Published on May 14, 2008

The San Francisco Veterans Affairs Commission has declared war, but the field of battle is not on foreign shores. Rather, the commission is engaged in full-scale combat with one of its own.

Since the Board of Supervisors appointed Navy vet John Caldera to the 15-member commission last year, his fellow commissioners say they spend more time bickering than working on veterans' issues. Things got so bad last month that 11 commissioners approved a letter to the supes asking that Caldera be removed from the commission or, at least, told to play nice.

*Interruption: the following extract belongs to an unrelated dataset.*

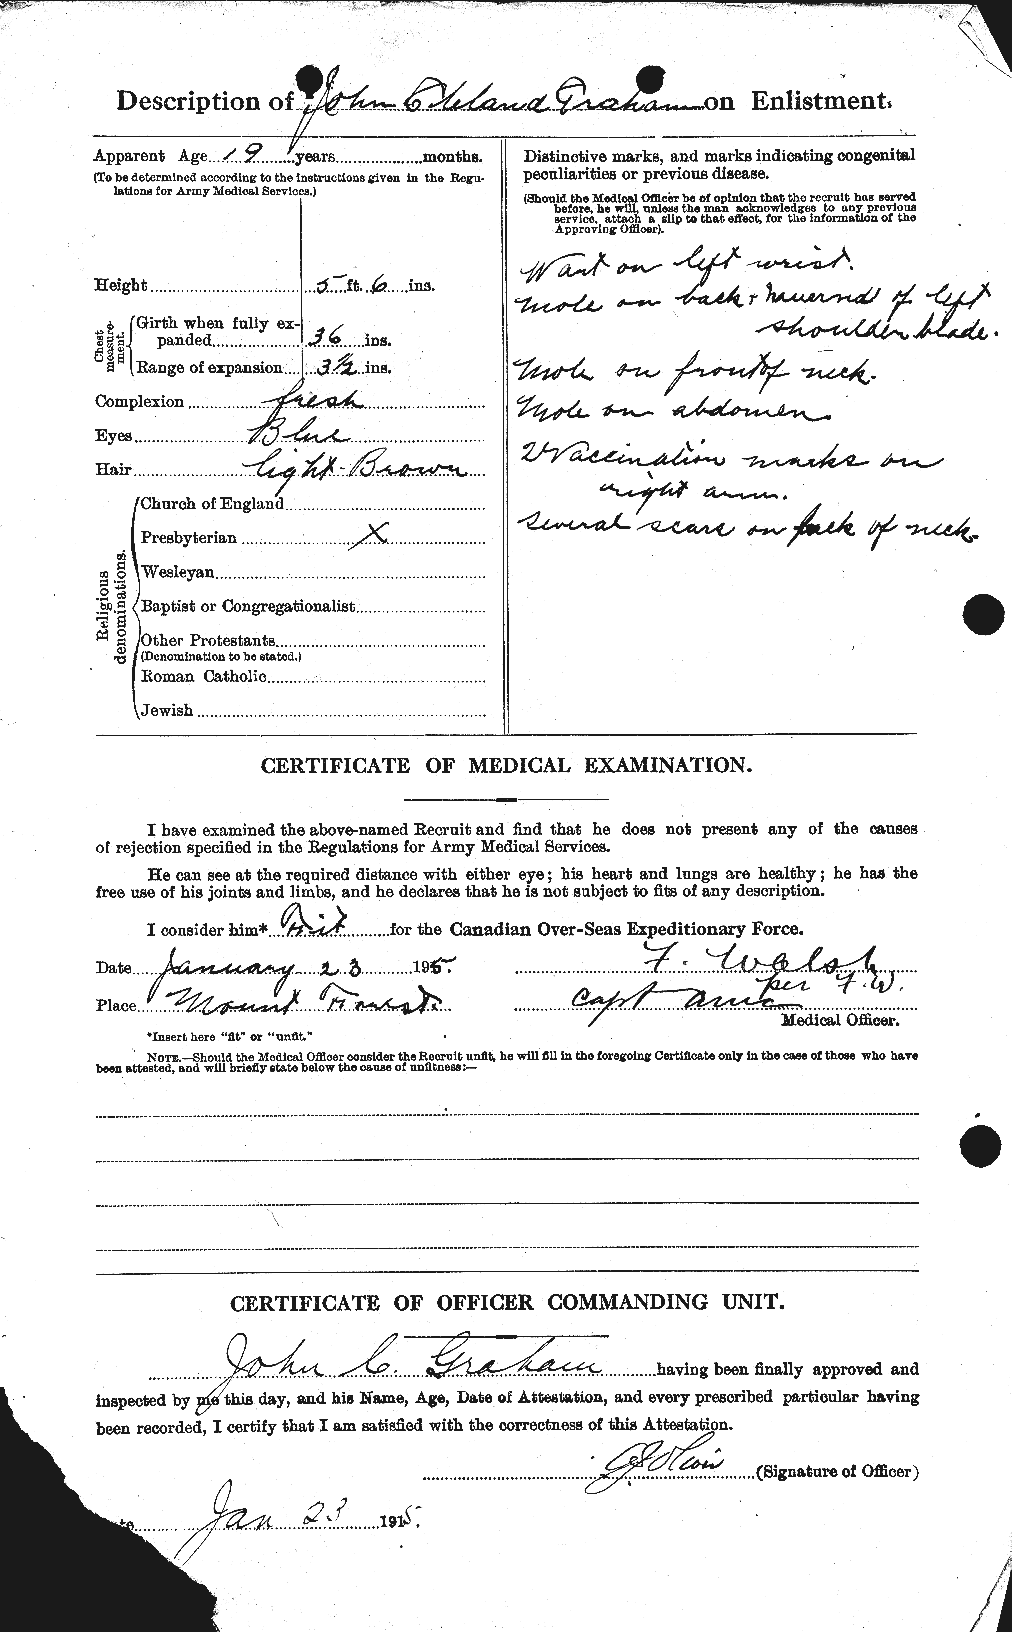 Personnel Records of the First World War - CEF 359162b

"Caldera has demonstrated not only a lack of integrity and honesty to his fellow commissioners, but also an inability to engage in mature resolution procedures," the letter reads. "For over two and a half decades this commission has been in existence, and we have never had this kind of problem."

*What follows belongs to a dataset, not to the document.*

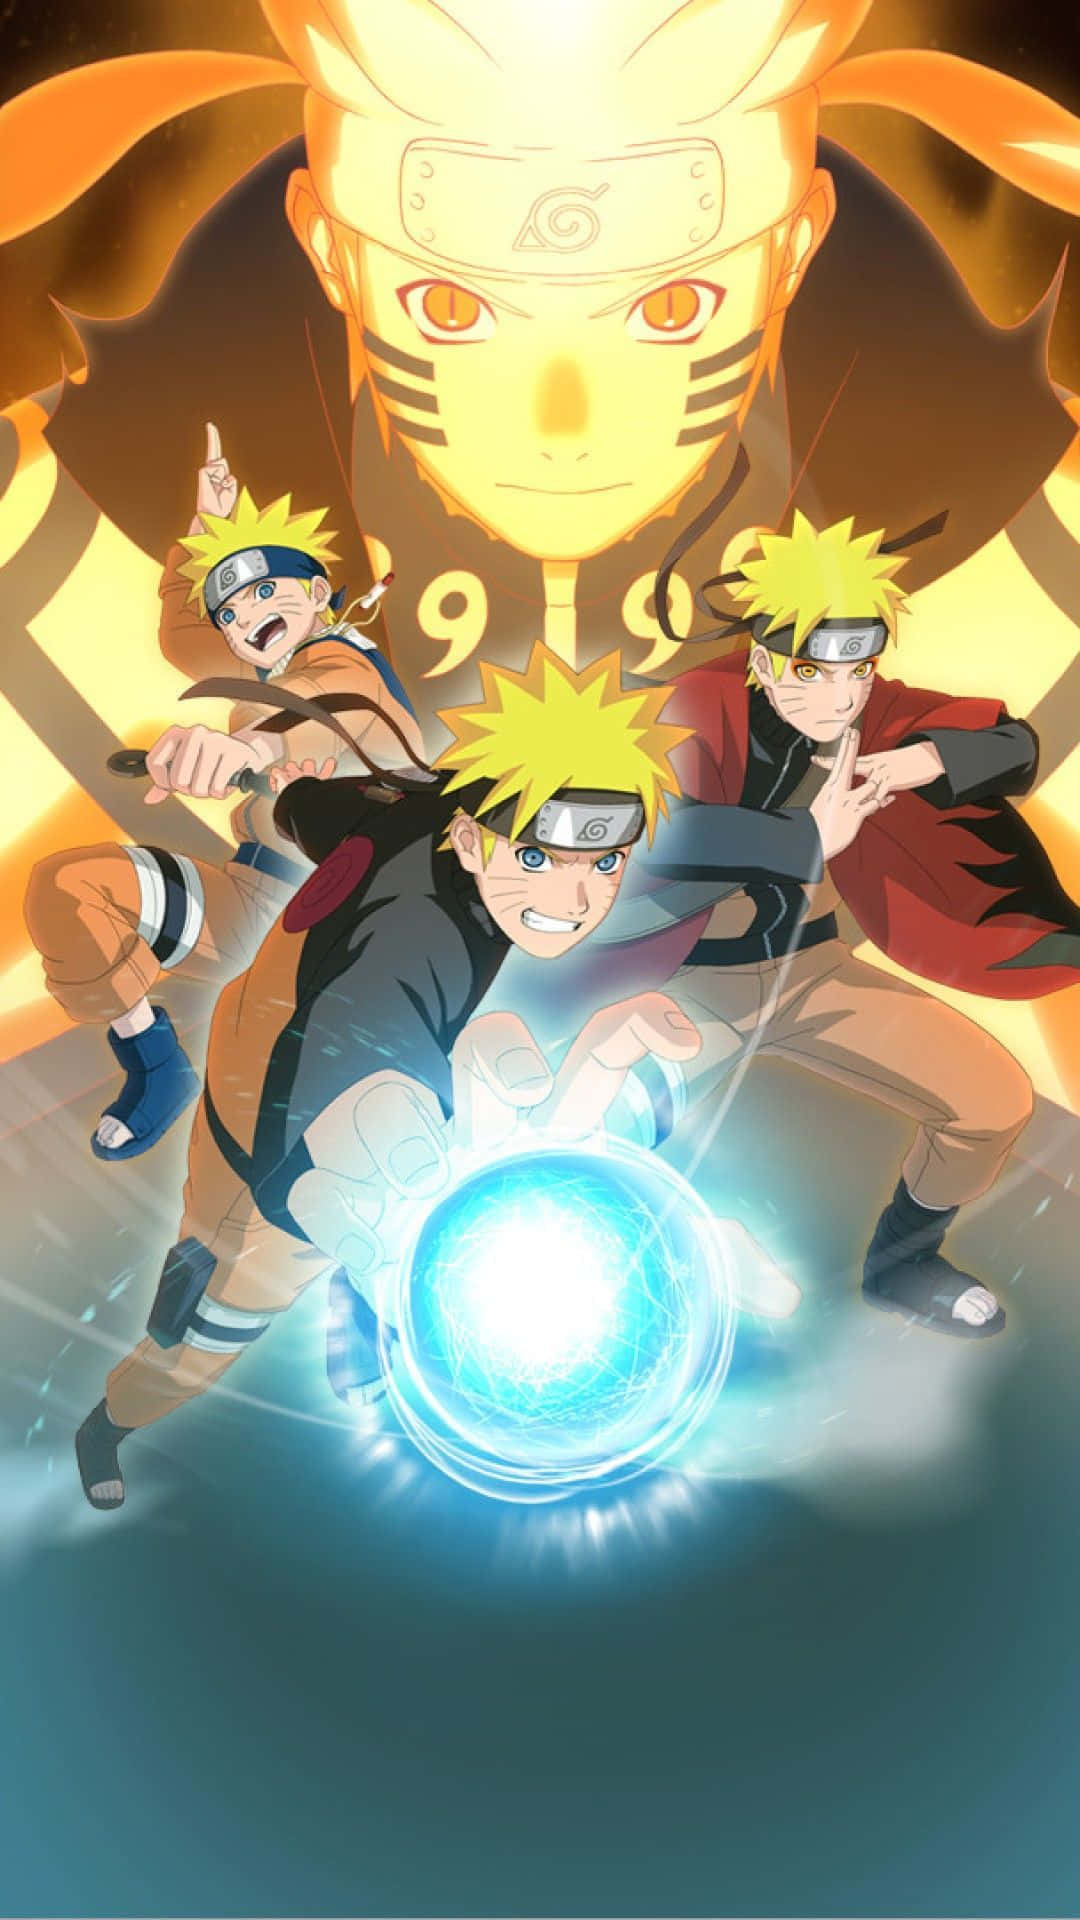 Dynamic Naruto Action Scene on Your Phone Screen

Commission president Wallace Levin says Caldera, who is a volunteer aide to Supervisor Ross Mirkarimi, has hampered planning for the Memorial Day Ceremony, the Veterans Day Parade, and a July health and job fair for homeless vets with his endless demands.

Commissioners claim Caldera is more interested in self-promotion than in working with others. Levin points to a press release Caldera issued when he was selected as one of 80 torchbearers in the Olympic torch relay on April 9. "He mentions himself 12 times in the thing," he says. "You wouldn't know the Olympics will be in China from reading it."

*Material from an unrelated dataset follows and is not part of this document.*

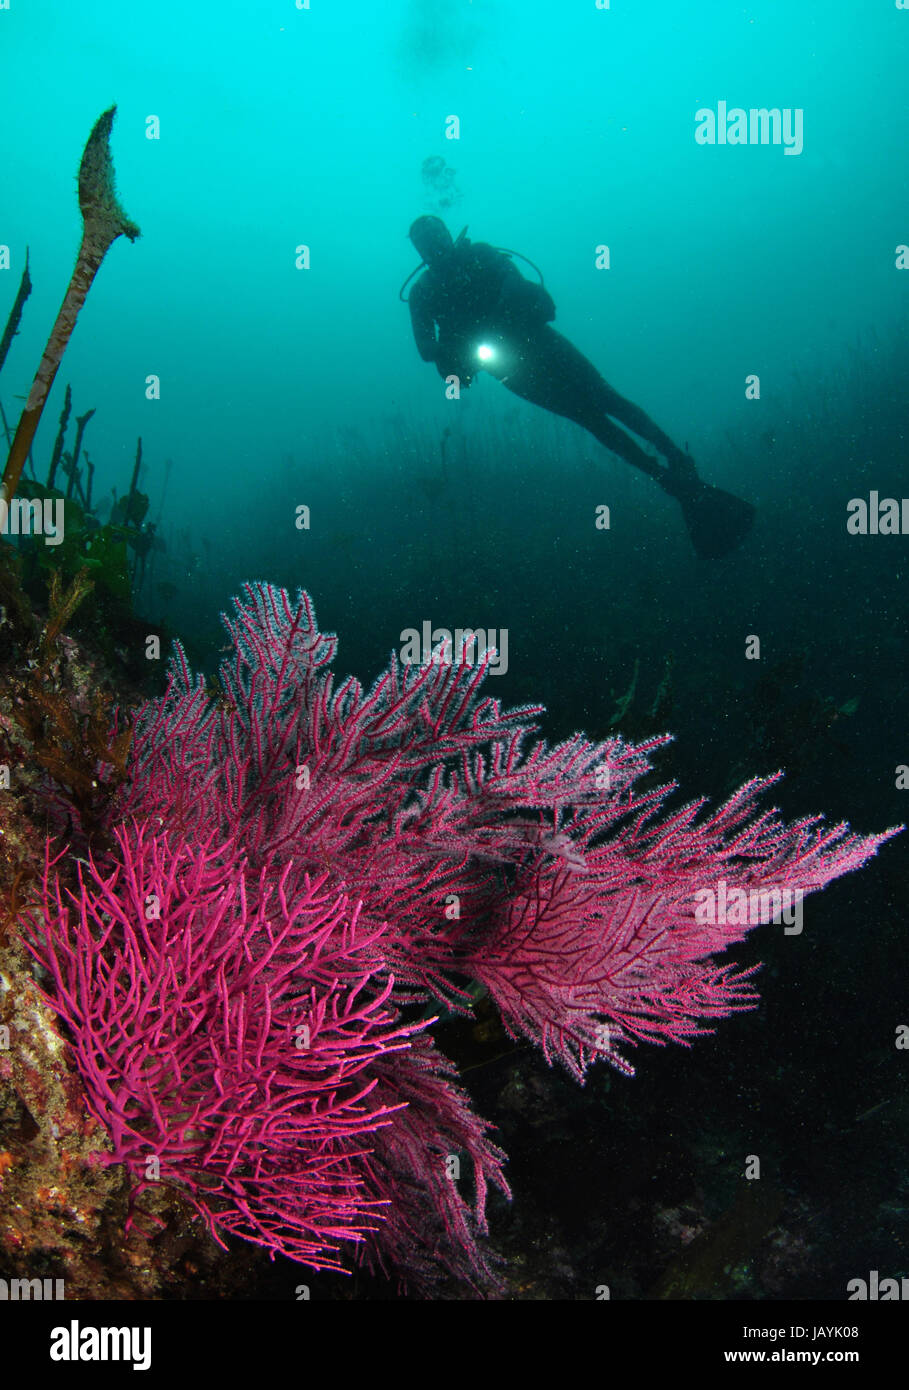 Divers and sea fans in the Atlantic Stock Photo

Things got heated in January when the commission voted down Caldera's proposal to hang 4,000 computer disks from trees in Civic Center Plaza to honor soldiers who have died in Iraq and Afghanistan. A miffed Caldera turned whistleblower and demanded the commission hand over its financial records, continuing to ask for them even after it was gently explained to him that it manages no funds. Levin says until recently he used his own money to mail meeting information to the commissioners: "I've probably spent thousands over the years."

Then commissioners discovered Caldera had quietly gone to Board of Supervisors president Aaron Peskin to complain about poor meeting attendance and to insist the commission be reduced from 15 members to 11. Peskin initially agreed to write an ordinance, but later refused to submit it after learning of the personality conflicts.

Levin admits attendance could be better, but says the commission's members range widely in age, including vets from Vietnam, Korea and World War II, some of whom have won the Purple Heart and other medals of valor. "Life happens to these people," says Levin, who claims that in his 25 years on the commission he has missed only five meetings. "After all, we're not the Police Commission; we meet once a month and make some recommendations. But we've always had a quorum."

Despite the diversity of the commission, which includes one transgender member, Caldera calls his colleagues a network of "good old boys" and "good old girls" who resent him because he's different. "They're out of touch with what's going on, out of touch with the needs of veterans," the 43-year-old says. "The problem is they see me as someone who is different from them, I'm the only openly gay commissioner and I'm Latino and I'm young."

If the torchbearer intends to sit on the commission for the rest of his four-year term, you'd hope he would learn that a scorched-earth strategy just burns everybody.